I realised a couple of days ago that I'd completely forgotten about my blog during the chaos of the last few weeks. Sorry about that!
Where to start... We've moved into a beautiful new flat and are absolutely loving it! It was extremely stressful - work suddenly became hectic just as we were moving, Steve went on a stag do the weekend we moved (so I pretty much moved in by myself) and then I was on the hen do the following week, so this weekend has been our first full weekend in the flat together so there's been a lot of sorting out to do.
Health-wise, a throwaway comment from Steve about his neuropathy at his last pre-chemo caused quite an uproar among the chemo team... Apparently it shouldn't last more than 4 or 5 days, however there had been three and a half weeks since his previous treatment and he was still getting severe pins and needles.
Even after Steve's first chemo it lasted 8 days... Nobody had ever told us it shouldn't last that long! (Steve was almost as annoyed at finding out our parking tickets could be invalidated, instead of spending about stupid money every time we went to the hospital)!

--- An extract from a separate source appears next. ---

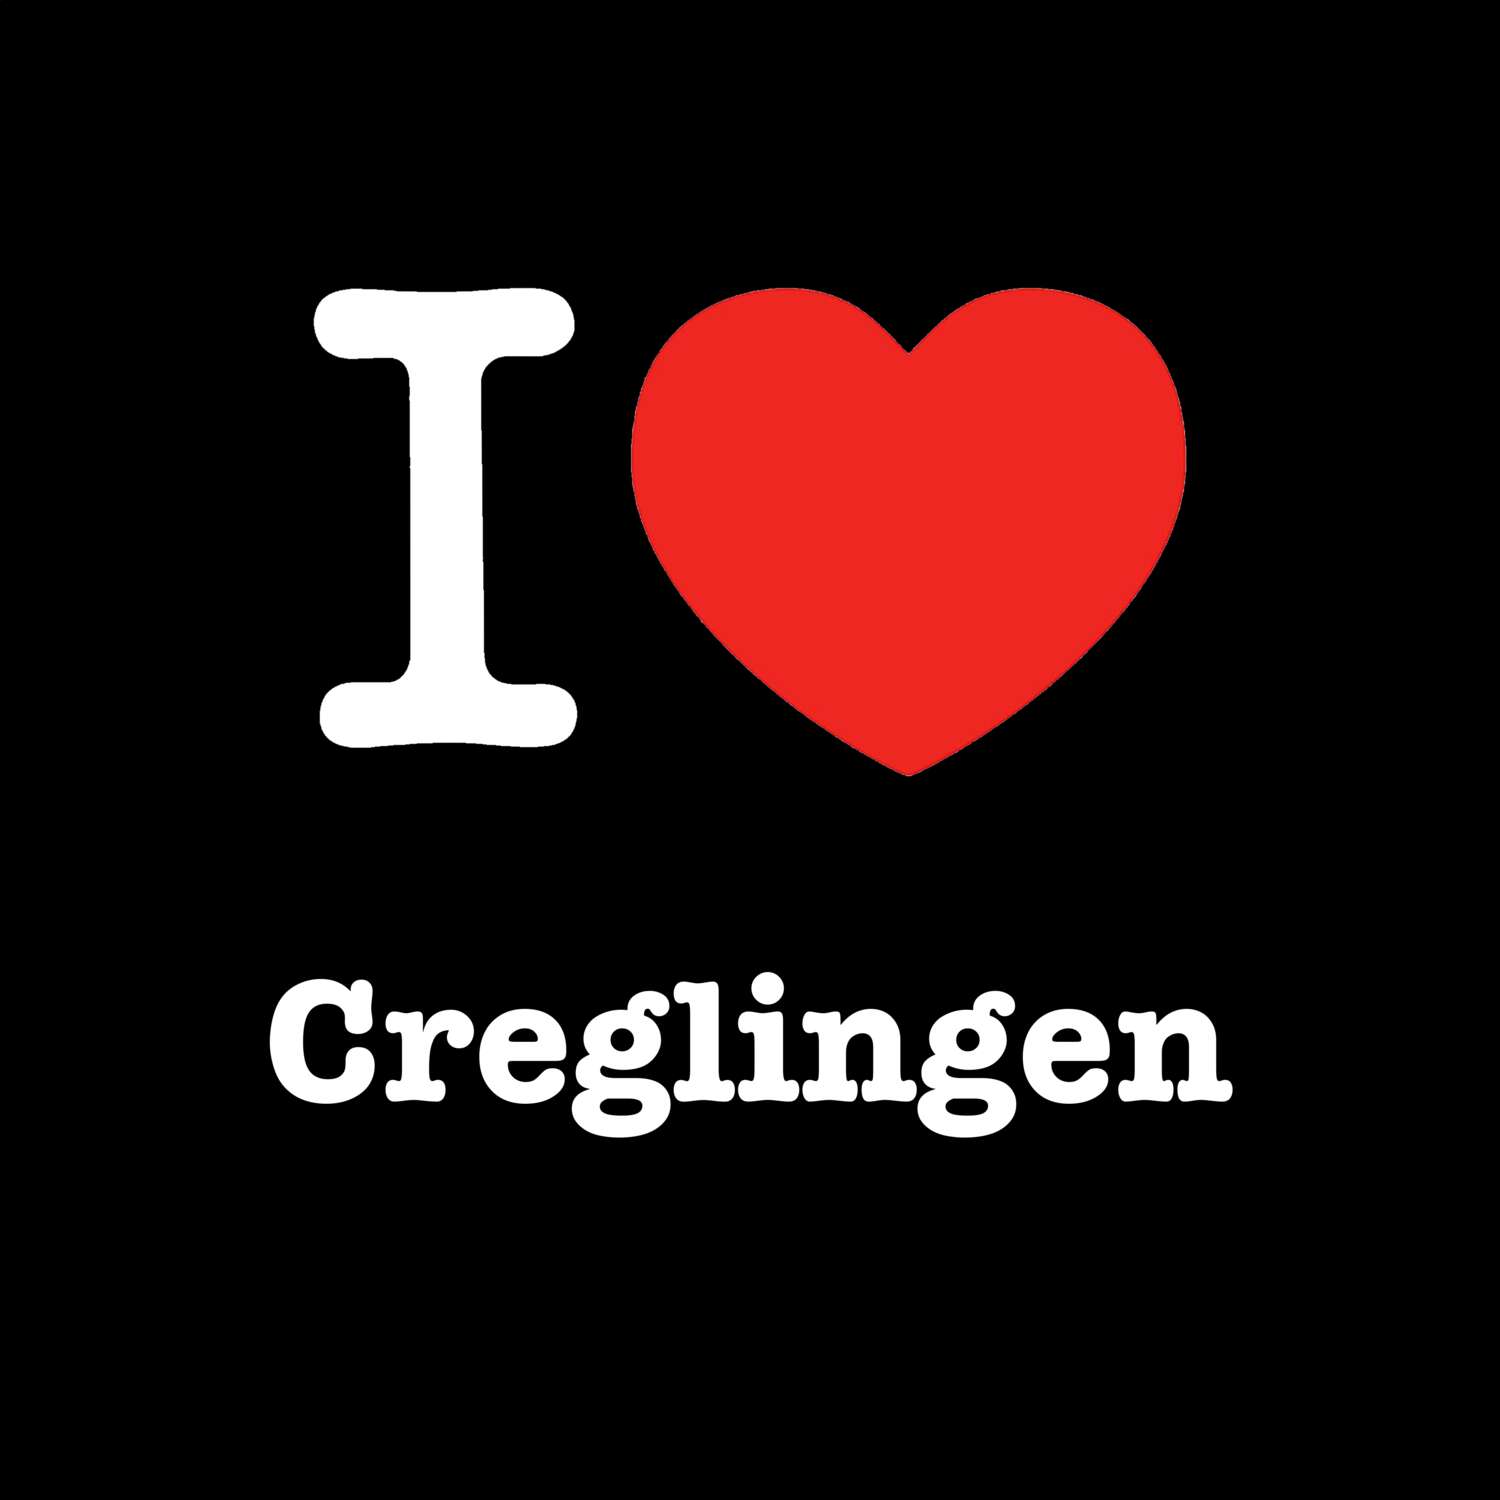 Creglingen T-Shirt »I love«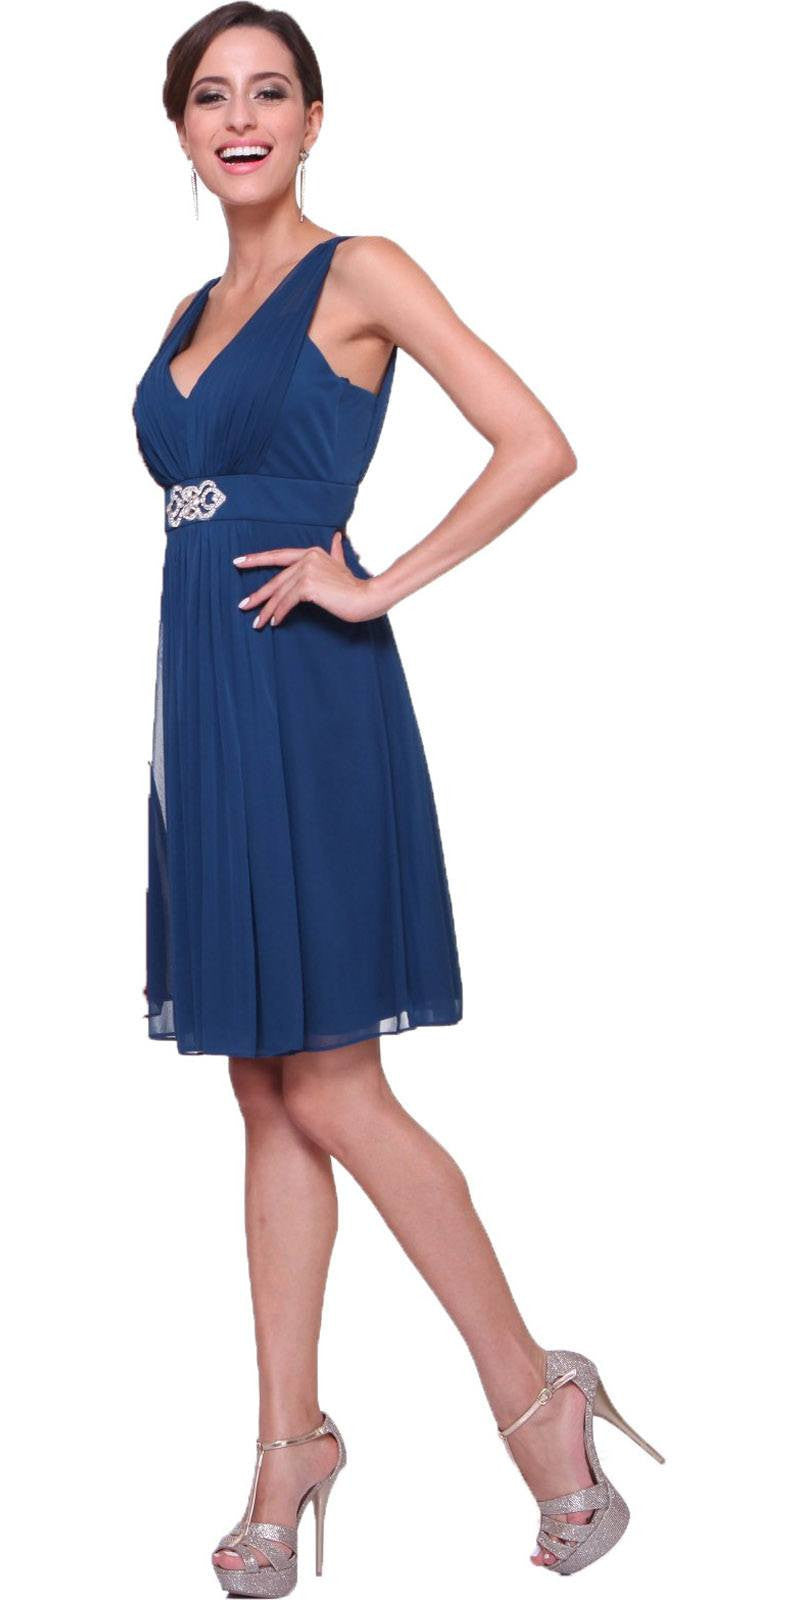 Cinderella Divine 3915 Chiffon Bridesmaid Royal Blue Dress Knee Length Empire Waist

The doctors are slightly concerned it may have caused permanent nerve damage, and have continued the capecitabine but stopped any more oxaliplatin infusions, which he's thrilled about as it's the infusions that make him so poorly. Only time will tell if there has been lasting damage but at the moment he isn't at all worried about this. Steve was about to have Infusion #7 out of 8, but apparently it's rare to make it past 6 and still feel well enough for any more, so they were happy to stop it there.
I was at work when Steve was told. We work for the same company, so when he returned to work from his pre-chemo, he popped into my office to let me know.
Steve had a lot of time after surgery and after each chemotherapy to think about what's happened to him in the last year and begin to accept it. I've worked all the way through, and have never really allowed myself to overthink it, apart from within this blog. So I've always envisioned the day we're told we don't have to go through anymore chemotherapy - it felt like it would never come. I knew Steve would say his thank-yous and leave the hospital quite happy, and I would be a blubbering mess on the floor when the relief smacked me in the face.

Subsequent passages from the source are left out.